La patience, votre meilleure alliée
On dit souvent que l’Opéra est compliqué, alors qu’en vrai il est surtout long, nuance importante. Ce n’est pas un dessert qui te demande d’être un génie, il te demande d’être posé, organisé, et de ne pas vouloir gagner vingt minutes là où il faut juste laisser le repos faire son boulot. C’est un peu frustrant sur le moment, oui, mais c’est aussi ce qui transforme un assemblage un peu brouillon en vrai bel entremet net, propre, presque pro (oui, « presque pro », on reste humbles, faut pas pousser).
Perso, on trouve que le plus confortable, c’est de répartir l’effort, de préparer les bases tranquillement, puis de revenir le lendemain avec un cerveau frais et une énergie un peu moins dramatique.

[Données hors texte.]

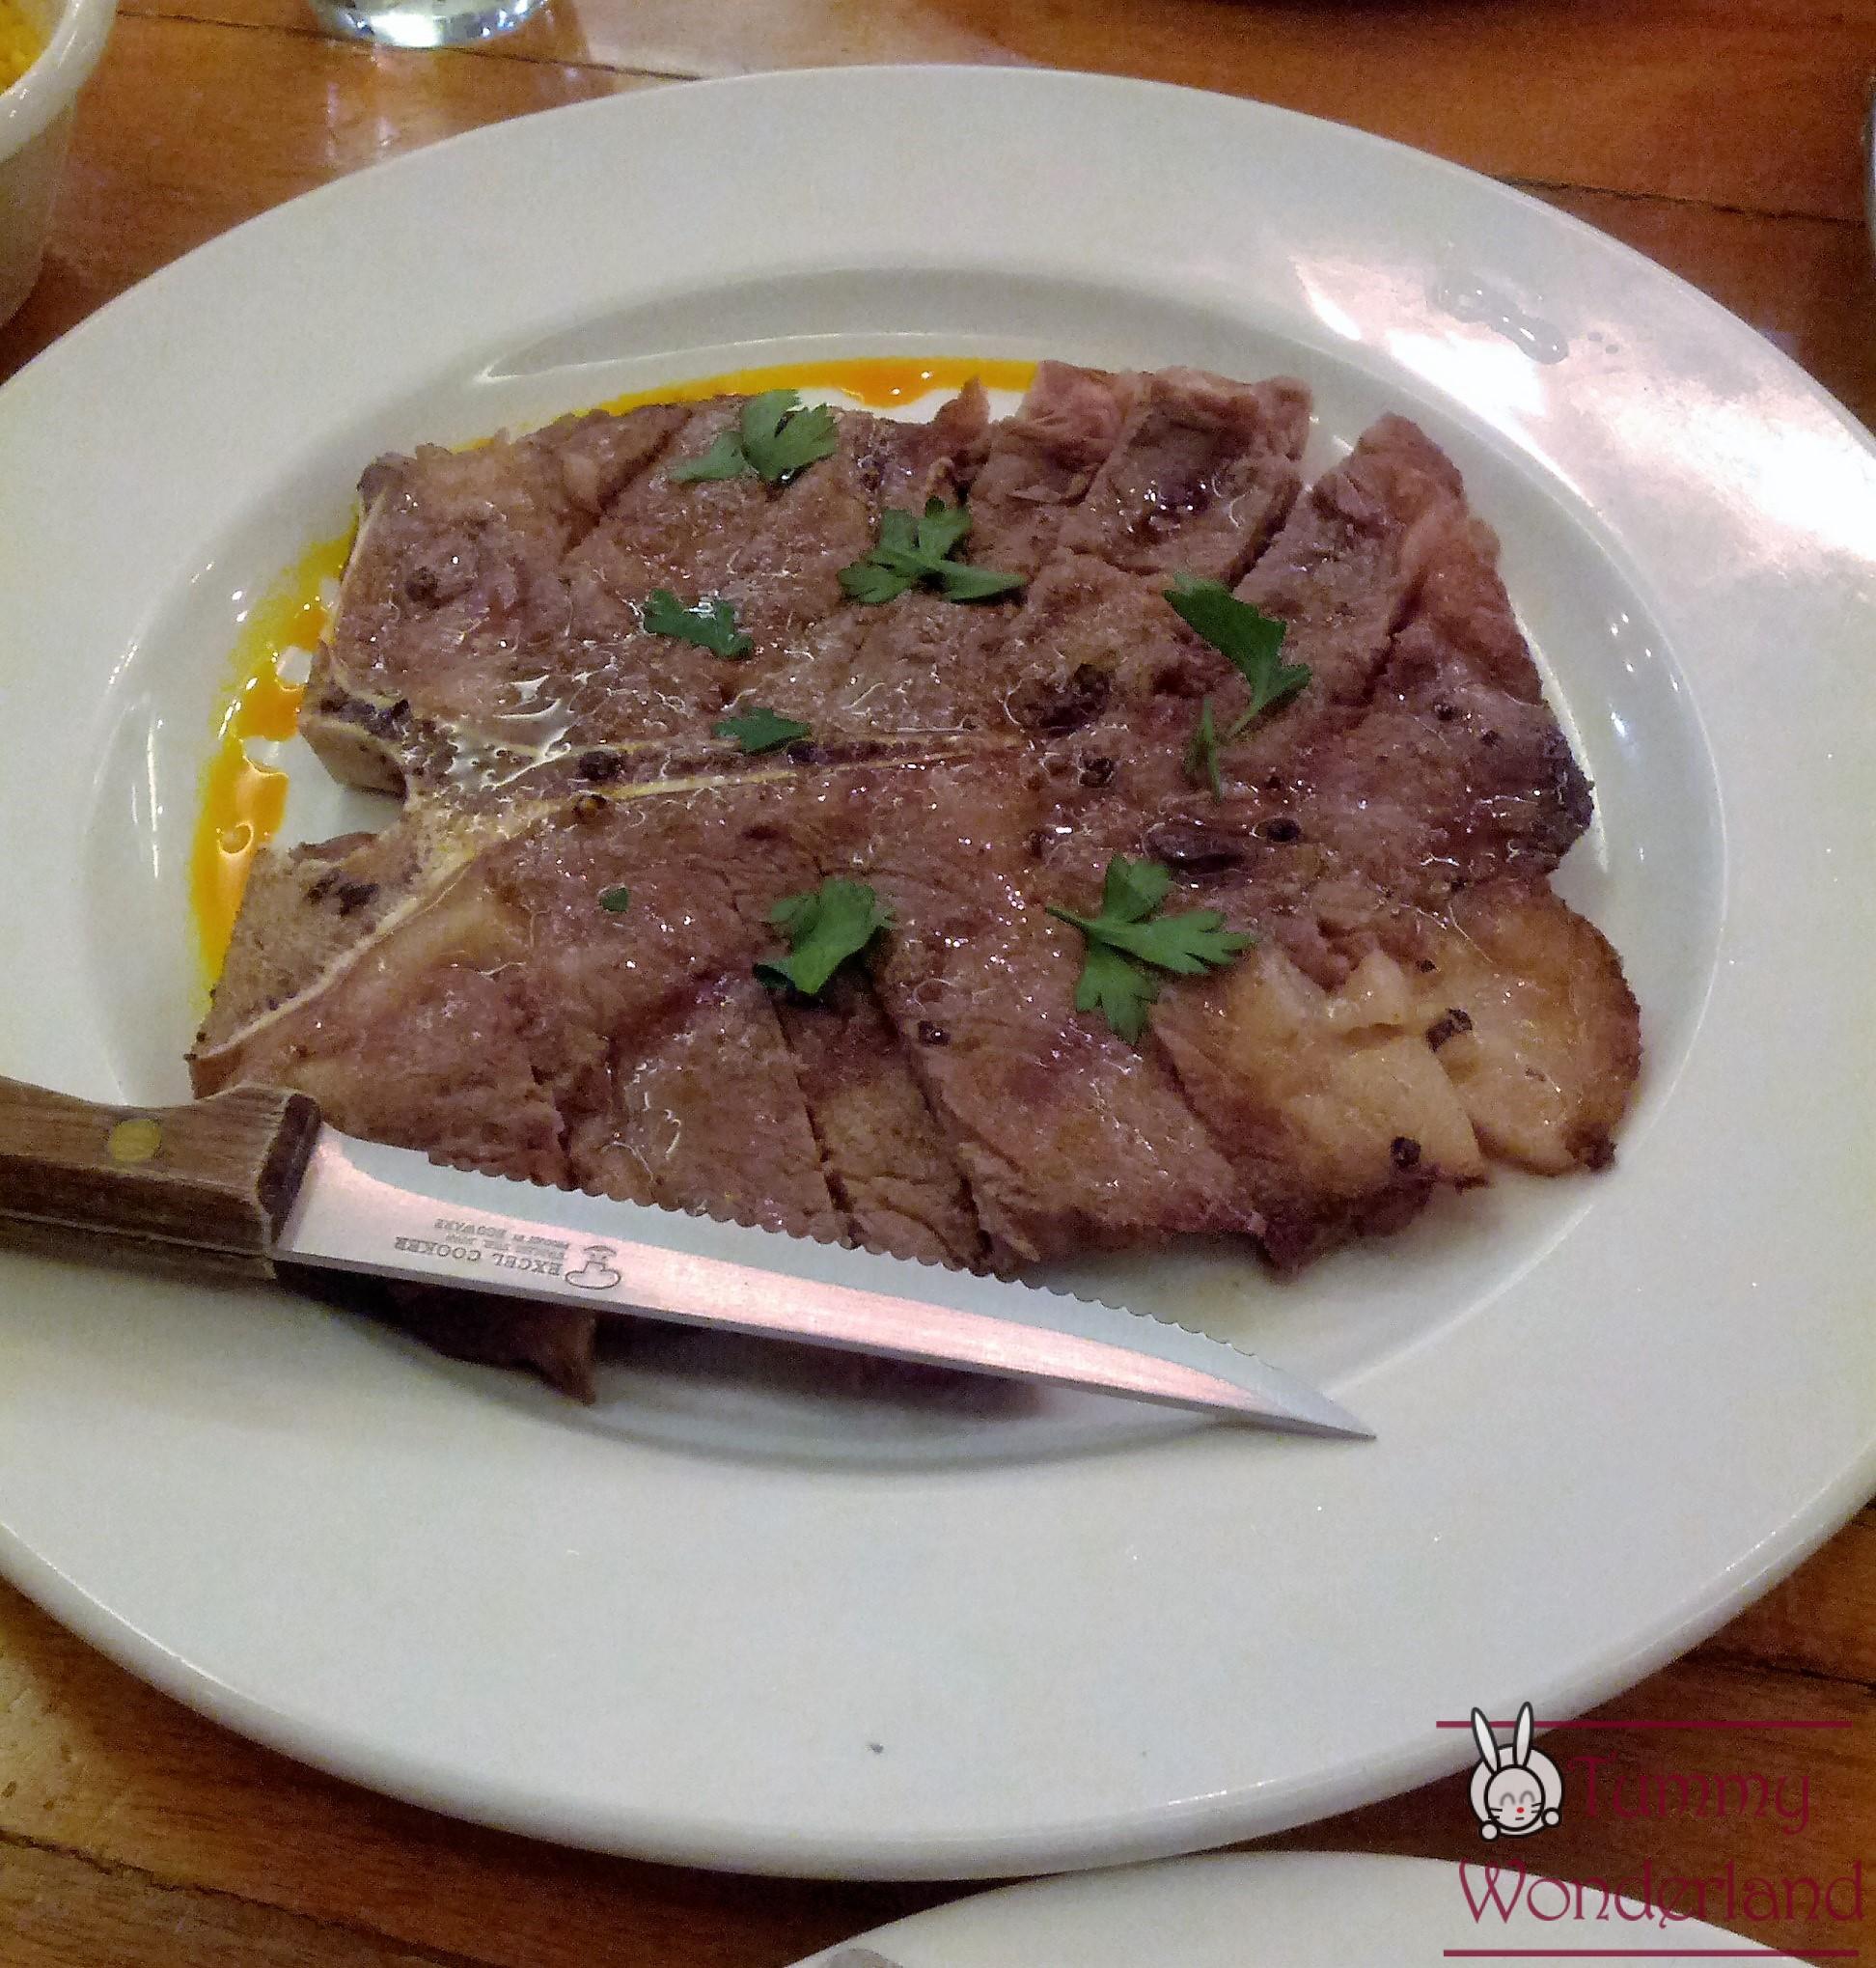 balboa_steak

Parce qu’en fin de journée, après avoir déjà sali la moitié de la cuisine, notre formule maison devient vite assez simple, concentration de départ x fatigue du soir = risque de travers en hausse, et ça, c’est pas une théorie, c’est du vécu.. ni une ni deux, on s’épargne donc le sprint idiot.
Les adaptations possibles
Ce qu’on aime aussi avec l’Opéra, c’est qu’il laisse une petite marge de sensibilité personnelle. Tu peux aimer le café plus présent, vouloir quelque chose d’un peu plus doux, chercher un décor plus sage ou au contraire t’amuser avec une finition un peu plus habillée. L’idée, c’est pas de tordre le classique dans tous les sens, c’est juste de le faire entrer chez toi, dans ta cuisine, dans ton humeur du moment, comme ça, sans pression inutile (si tu veux, l’élégance peut très bien cohabiter avec un tablier taché).
Et si, au fond, tu sens que t’as envie d’un dessert chocolaté mais avec un format plus relâché, plus « on se fait plaisir sans sortir l’équerre », on a aussi ce réflexe-là, hein. Un crumble aux pommes poire et chocolat, par exemple, ramène une gourmandise plus simple, plus immédiate, avec ce charme des desserts qui pardonnent davantage. De toute façon, il n’y a pas de police du dessert à la maison, heureusement pour nous (sinon on aurait déjà perdu des points sur plusieurs détails logistiques).
Notre avis sur l’expérience
Franchement, l’Opéra mérite sa réputation, mais pas forcément la peur qu’on lui colle. C’est un dessert qui demande un peu de tenue, oui, mais il rend beaucoup en retour, et pour des débutants motivés, c’est même une super façon de comprendre comment un entremet se construit, comment les couches dialoguent, comment la patience change tout. On en ressort avec un gâteau qui impressionne les autres, et surtout avec ce petit sentiment très satisfaisant de s’être prouvés quelque chose à nous-mêmes, ce qui, chez nous, compte toujours pas mal…
Alors si l’idée te trotte dans la tête, bah on a envie de te dire d’y aller, calmement, sans te raconter que ce sera parfait du premier coup, mais sans te raconter non plus que c’est réservé à une élite en toque. On apprend, on ajuste, on rigole un peu de nos mini ratés, et au final on mange un vrai bon dessert, donc la balance émotionnelle reste quand même très correcte, hein.
PS: si ton glaçage n’est pas parfaitement miroir, bienvenue au club, le nôtre a déjà eu des phases « lac un jour de vent »… voilà, c’est tout ce que j’avais à dire.